This past week I’ve had the opportunity to partake in a closed alpha test of MultiVersus so I’ll be sharing my thoughts and feedback based on my experience with it. I played the entirety of the test on a PC. If you’re unfamiliar, MultiVersus is an upcoming platform fighter with an emphasis on “doubles” or 2-vs-2 format. The character roster draws from the IPs of publisher Warner Bros, so Bugs Bunny and Taz can trade blows with Superman and Wonder Woman among others. The game is scheduled to enter open beta in June and will be entirely free-to-play and supports cross-play with all target platforms (PC via Steam, Xbox One, Xbox Series, and Playstation 4 & 5.)

Everything in the marketing of MultiVersus serves to highlight the increasingly convergent hegemony of corporations that represent western pop culture, so it’s a boon that developer Player First Games has poured so much work into bringing the characters in the wings of Warner Bros to a polished shine. I’ll be up front about it, I’m not an enthusiast of platform fighters nor do I have any emotional investment to play anyone on the mixed-bag roster.
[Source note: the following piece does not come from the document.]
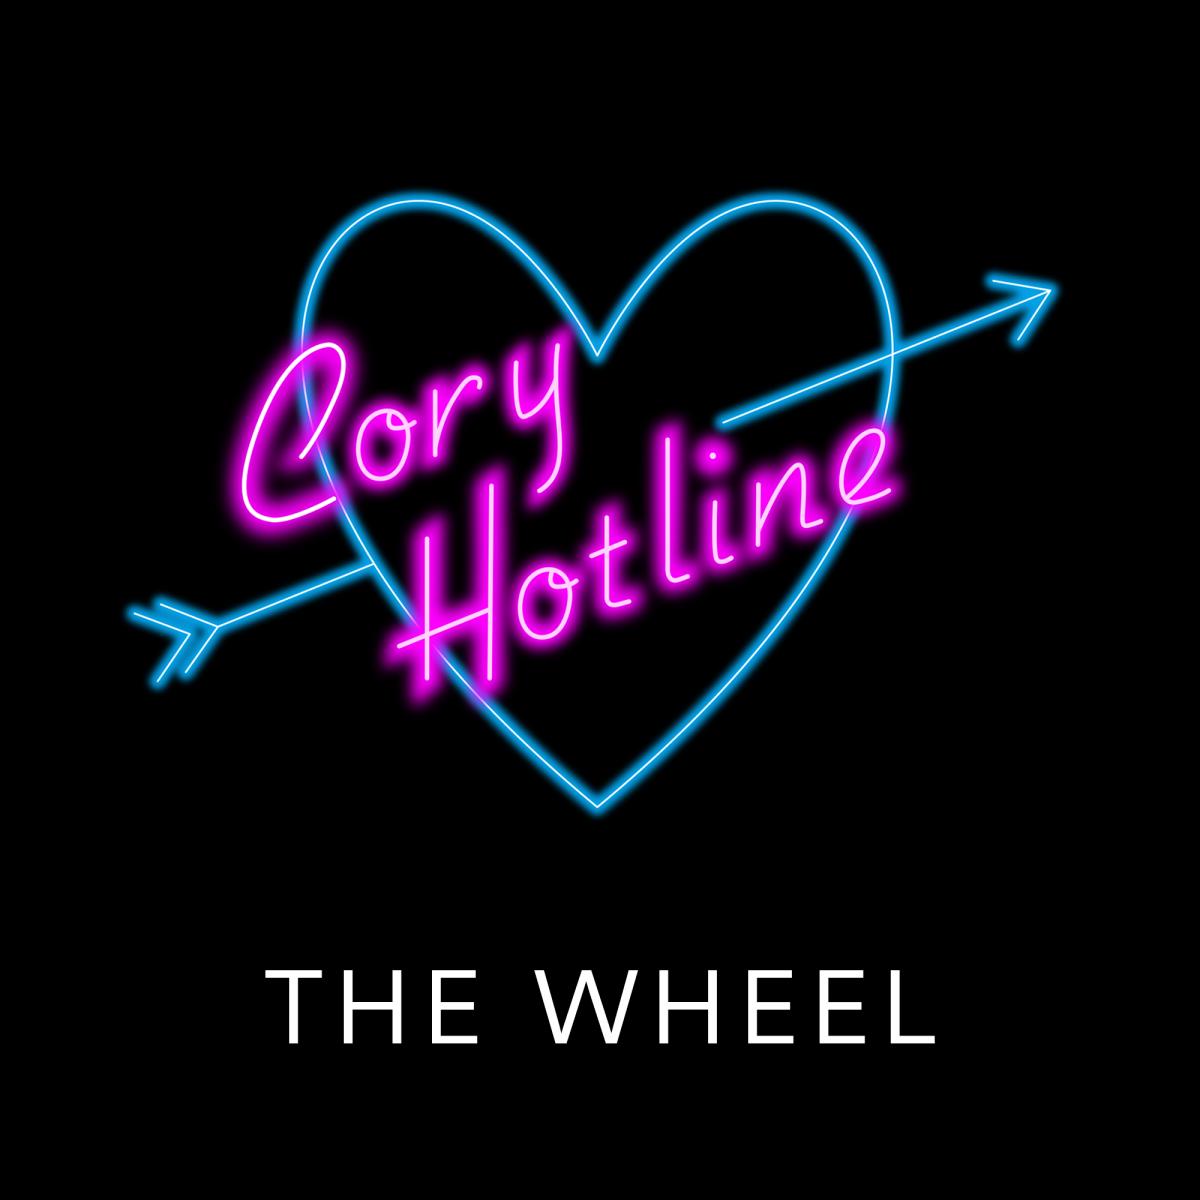 The Wheel Cory Hotline
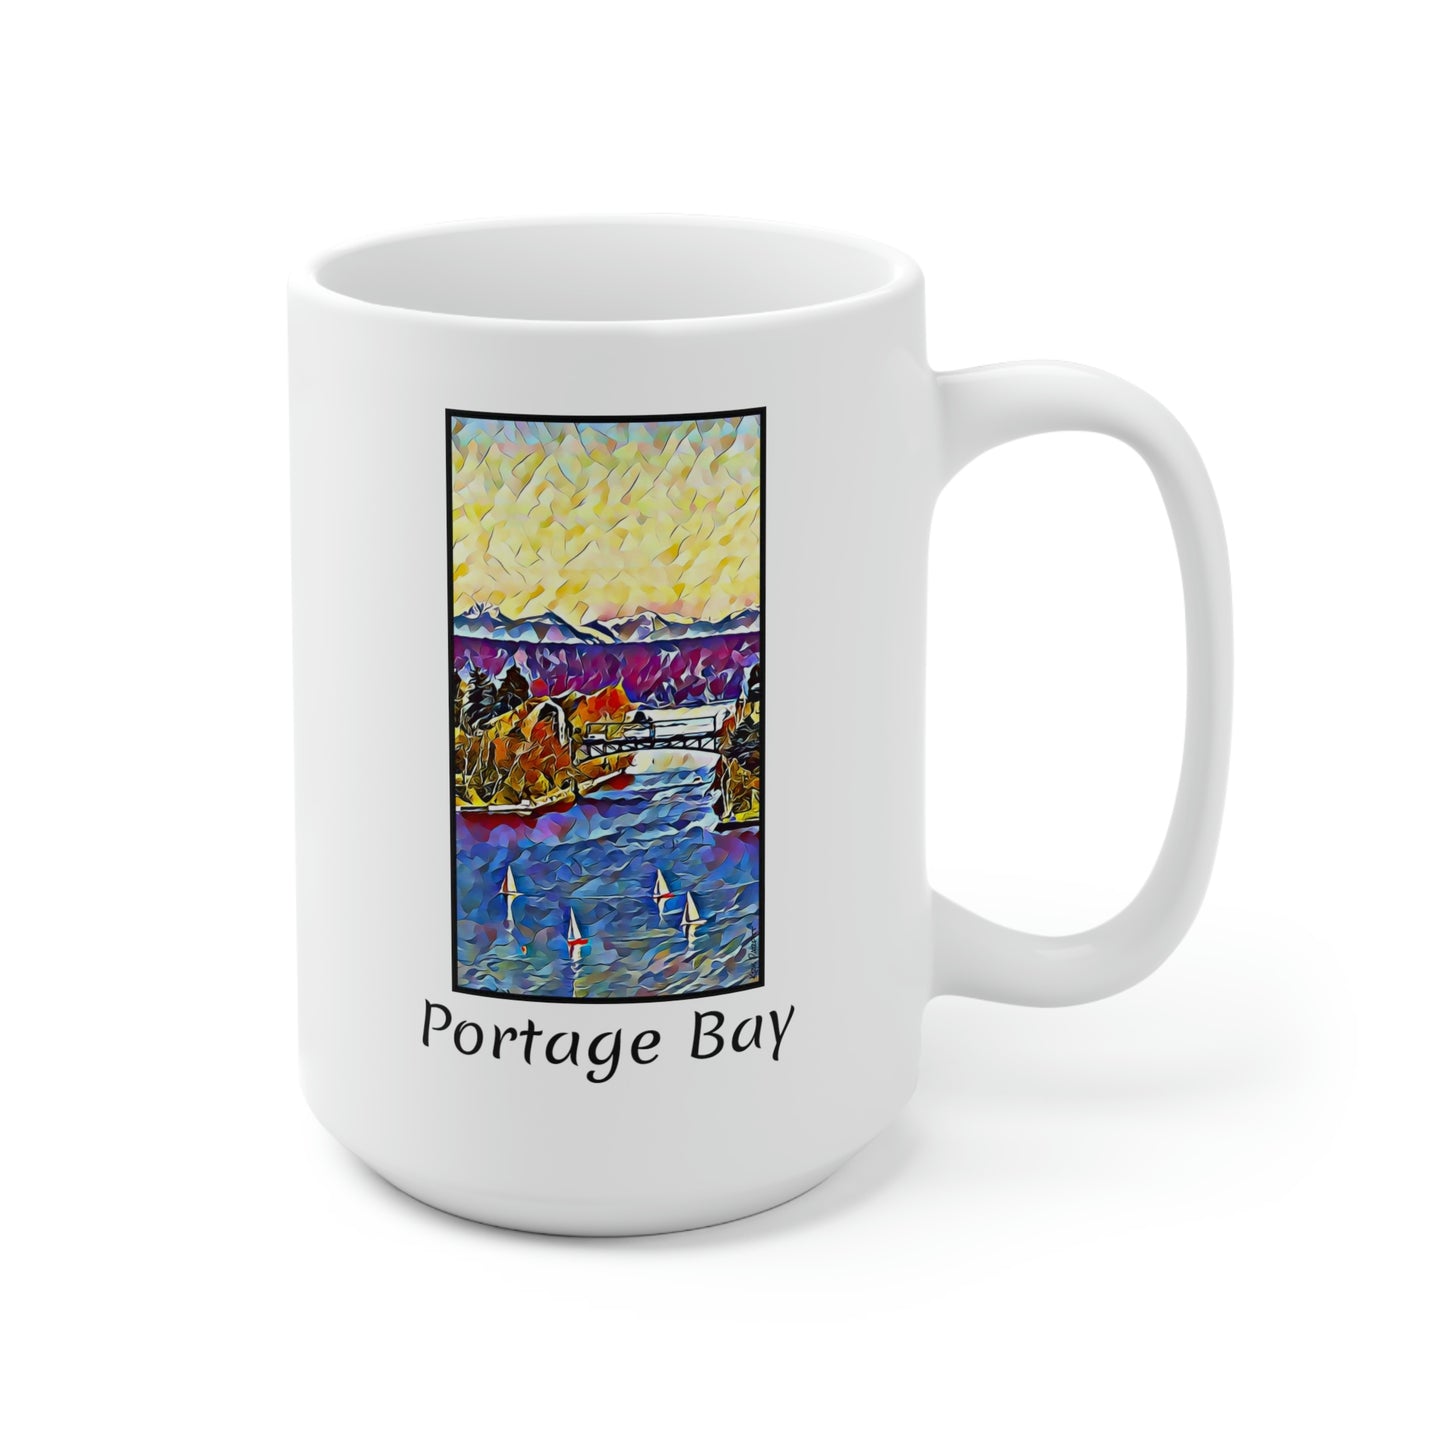 15oz - Portage Bay Ceramic Mug

I will confess to being very fond of Nickelodeon All-Star Brawl for being extremely easy to play while offering fast paced gameplay, and I think the consistency of the roster lands a little better than it does in MultiVersus. I’m not going to compare any further however, because as easy as it is to compare the two they are reaching for very unique heights that set them apart.

Doubles is the main attraction

Firstly, the major departure that MVS takes from the rest of the genre is targeting doubles as the default competitive mode of play. This drastically changes how each character is designed and is ultimately the hook beyond the crossing-over of properties and appeals towards nostalgia woven into the presentation. Every character has elements of their kit that hinges on interacting with your partner, best represented in Wonder Woman’s ability to give her partner a super armor buff or pull their teammate out of harm’s way with her lasso. These are not simple mechanics either, as the abilities often have cool downs to work around or charge times required to set up and use their effects. This means playing around your partner’s pressure to set up buffs or positioning necessary to work better together, and this is what makes doubles shine as the main attraction in MultiVersus. I actually find the gameplay kits to be the most attractive part of the package by far.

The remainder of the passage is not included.